The second reason is that the probability distribution may not be described by a Gaussian normal distribution, for any of a number of reasons.  One concerns small numbers; if there are only a few events seen, then the distributions are better described by a Poisson distribution than a Gaussian.  Of course, we know how to handle this now.  The second reason is more nebulous - there may be systematic uncertainties that are not well described by a Gaussian distribution.  Or, there may be unknown correlations between these systematic uncertainties.   We try to account for these factors in assessing significance, but this is a rather difficult point.

Anyway, that long statistical digression explains why our November  paper was entitled "Evidence for..." rather than "Discovery of..." 

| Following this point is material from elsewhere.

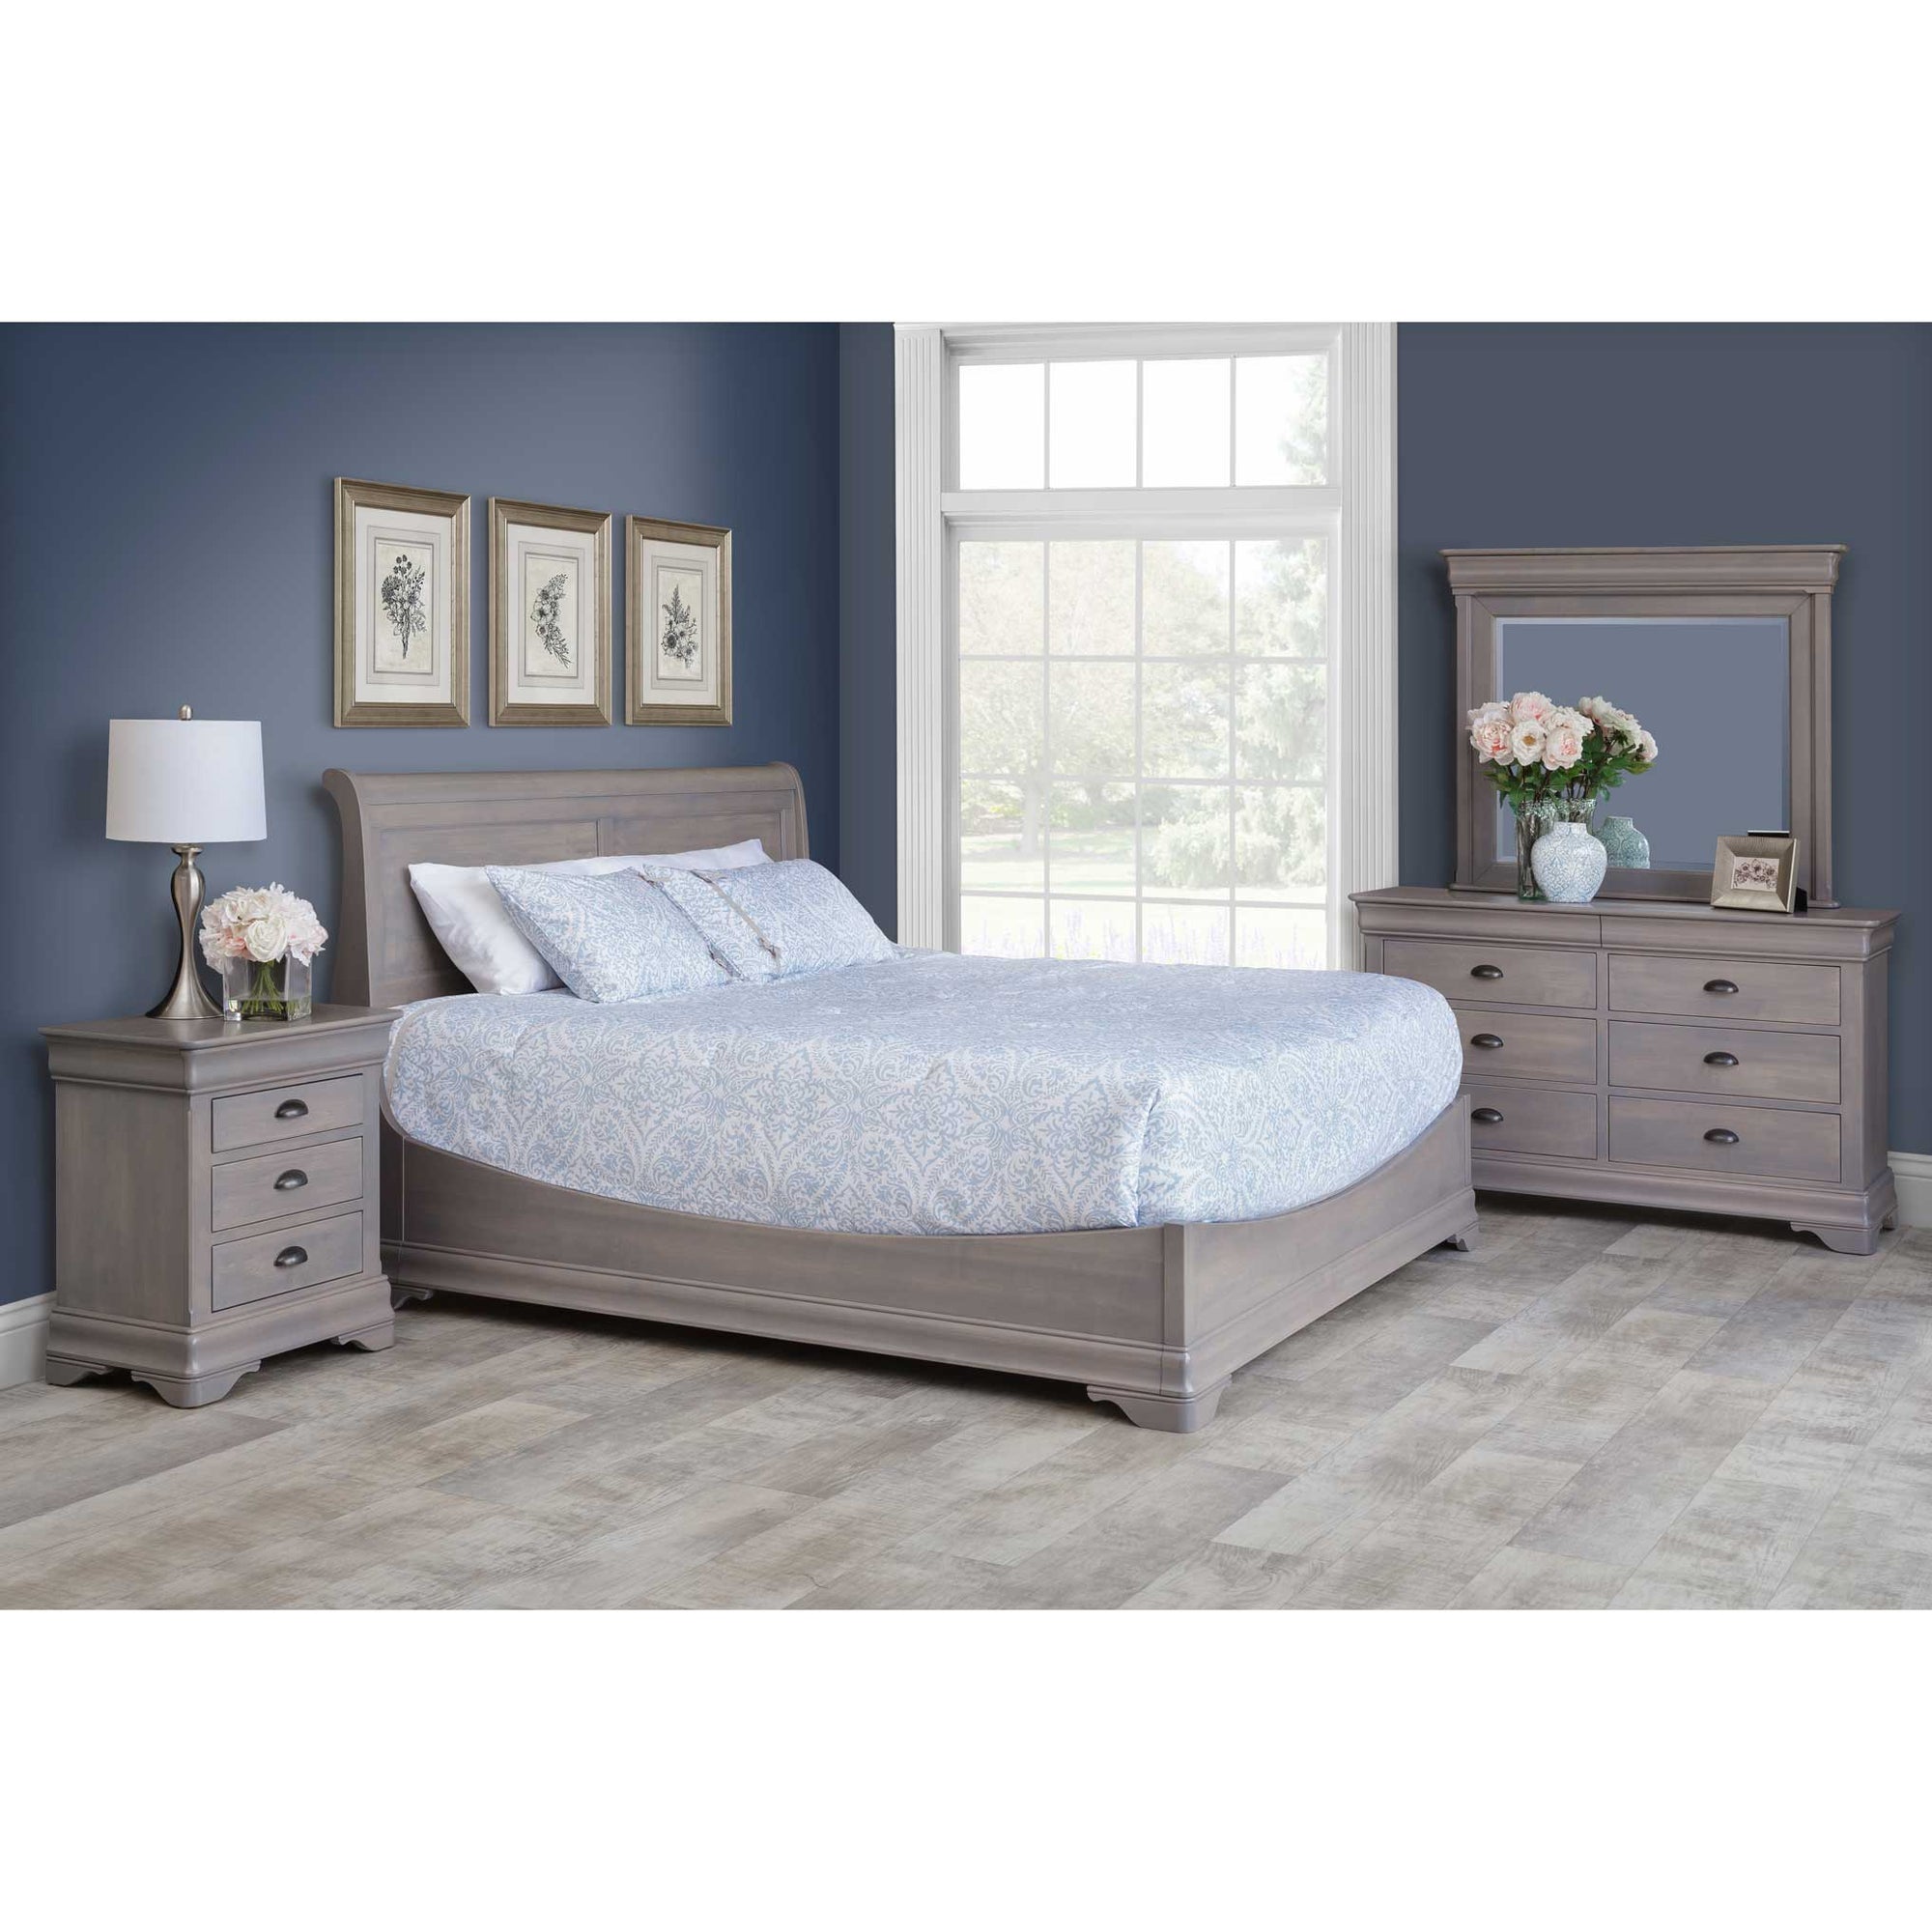 Amish Marseilles 3pc Maple Wood Panel Queen Bedroom Set - snyders.furniture
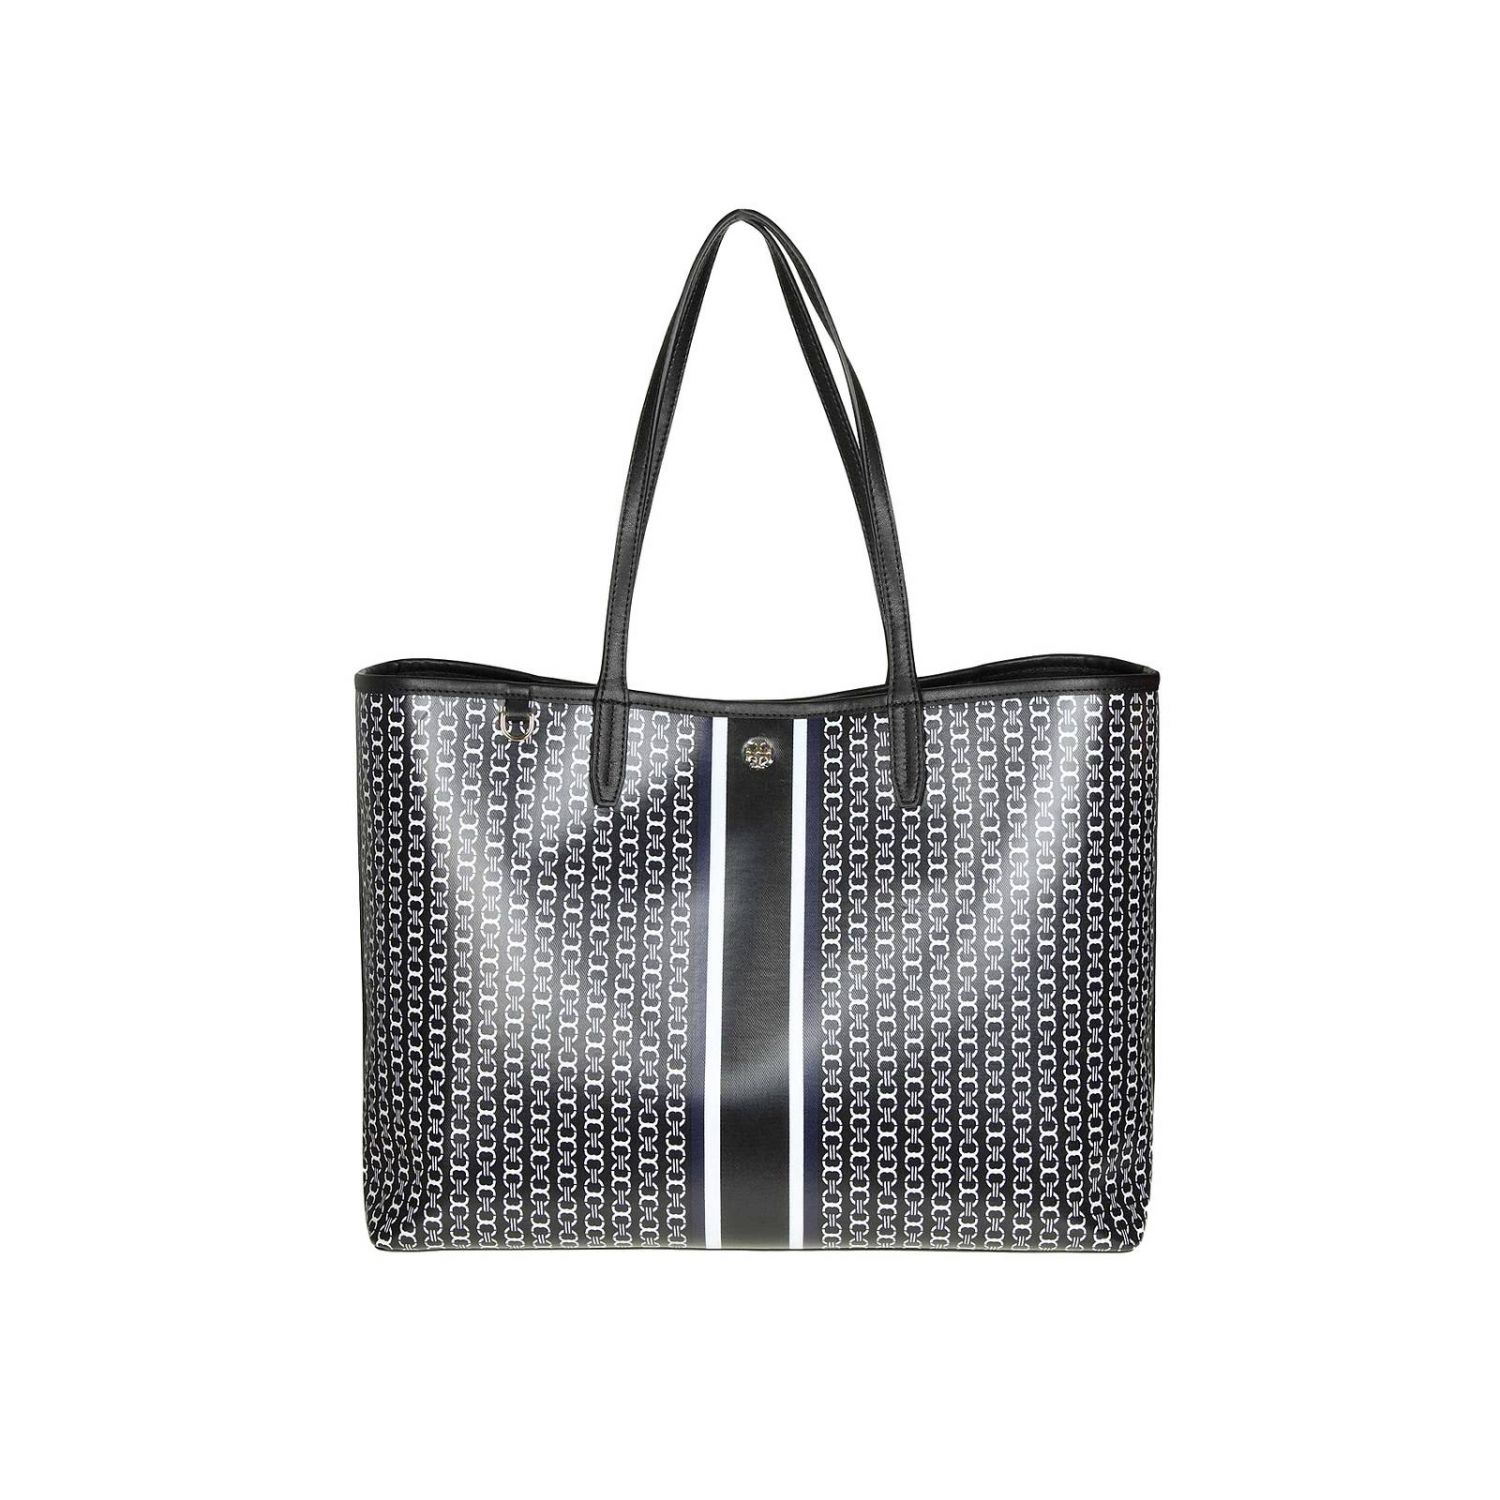 TORY BURCH: tote bags for woman - Black | Tory Burch tote bags 33801 ...

Now, we have released a new result, available at  http://arxiv.org/abs/arXiv:1405.5303.  The analysis has been expanded to include a third year of data, without any other changes.  The additional year of data included another 9 events, including Big Bird.  The data looked much like the first two years, and so pushed the statistical significance up to 5.7 sigma.  Leading to the title "Observation of..."     Of course, 5 sigma doesn't guarantee that a result is correct, but this one looks pretty solid.

With this result, we are now moving from trying to prove the existence of ultra-high energy astrophysical neutrinos to characterizing the flux and, from that, hopefully, finally pinning down the source(s) of the highest energy cosmic rays.

Big Bird gets Energy



In a previous post, I wrote about our most energetic neutrino, Big Bird, but could not give you its energy.  I am happy to report that the energy has now been made public: 2.0 PeV, within about 12% (assuming that it is an electromagnetic cascade).  This is the most energetic neutrino yet seen.  For comparison, the energy of each proton circulating in the LHC beams at full energy (which will not be achieved until later this year) is about 0.007 PeV, 285 times lower.